My project has been some crazy Venn diagram of when people are available, when I am available (and not at work), when the museum is open, when they don’t forget, when the children are alert and engaged, when everyone is not hungry, when it is not organised too far in the future, when it is organise with enough notice, if it isn’t raining…in fact, I am surprised that I have managed to get any families to visit the museum with me sometimes! Don’t get me wrong, I love the people and the families I work with, but they have real lives that don’t put my project at the top of their priorities list (and it shouldn’t be anyway). So when I spend an hour waiting outside the museum for a group, I don’t actually mind.
In the long run there is a reason for an absence and it’s not because they didn’t want to come.
Then there is the methods.
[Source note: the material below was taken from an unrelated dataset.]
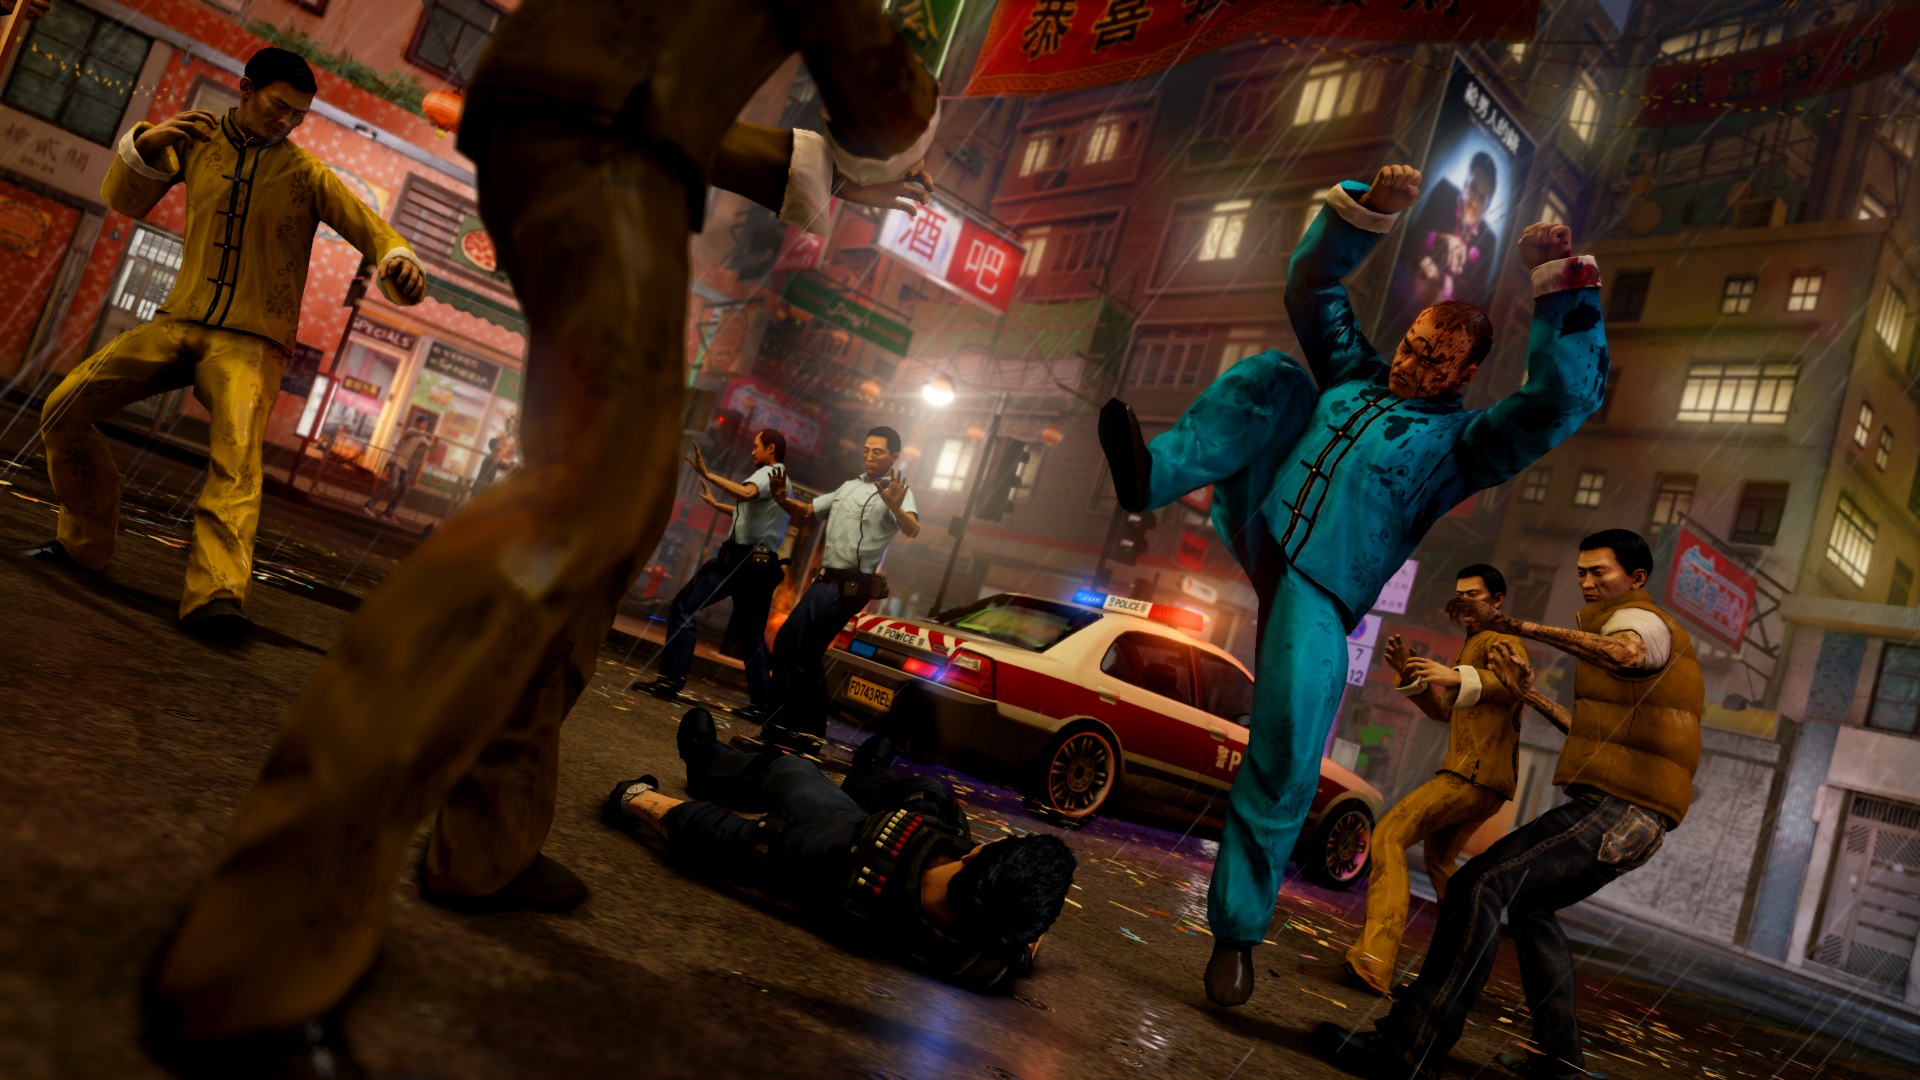 Sleeping Dogs release date announced

It’s great asking people to take photos with you. In the past I have used disposable cameras and taken them away to be developed. This has it’s own problems of children not knowing how they work (this was hilarious the first time – “where can I see the photo when I am taking it?” and “How can I delete ones I don’t like?”), fingers over the view finders and over winding by the more zealous participants. It all leads to no data. I was not (and am still not) in a position to buy lovely digital cameras to give out to families. So I asked my families to use their phones and share pictures with me. Perfect! They took loads going around the museum of each other, of things they liked or made them laugh…but the actual act of sharing those gets more complicated. You get a “yeah, sure” and one photo or two. This then makes the next step of discussing those photos more complicated because there are no photos, and the getting together to talk about these, well see Venn diagram problem.
The above issues all happen after you have found a group to work with. They are out there, but sometimes the gatekeepers can be tricky. However, if you go and have a chat and a cuppa about your project and how you can help them it all turns out lovely. People genuinely want to help!
I am halfway through my fieldwork and originally I had planned it to be one academic year with one group of people. At the end of the summer term the group fell apart for a number of reasons, and I lost regular contact quite quickly. I wondered what I was going to do as I wasn’t finished and it seemed a bit of an imposition to ask for further meetings – they had other things on their minds. I potentially have a new group now. So a contrast maybe, but also a new start with some of the lessons learnt from last year. I also have the assurance that this crazy process is “normal”. So if it is normal, please please write about it! Let’s not let other researchers and students feel like they are failing because the course of research does not run smooth.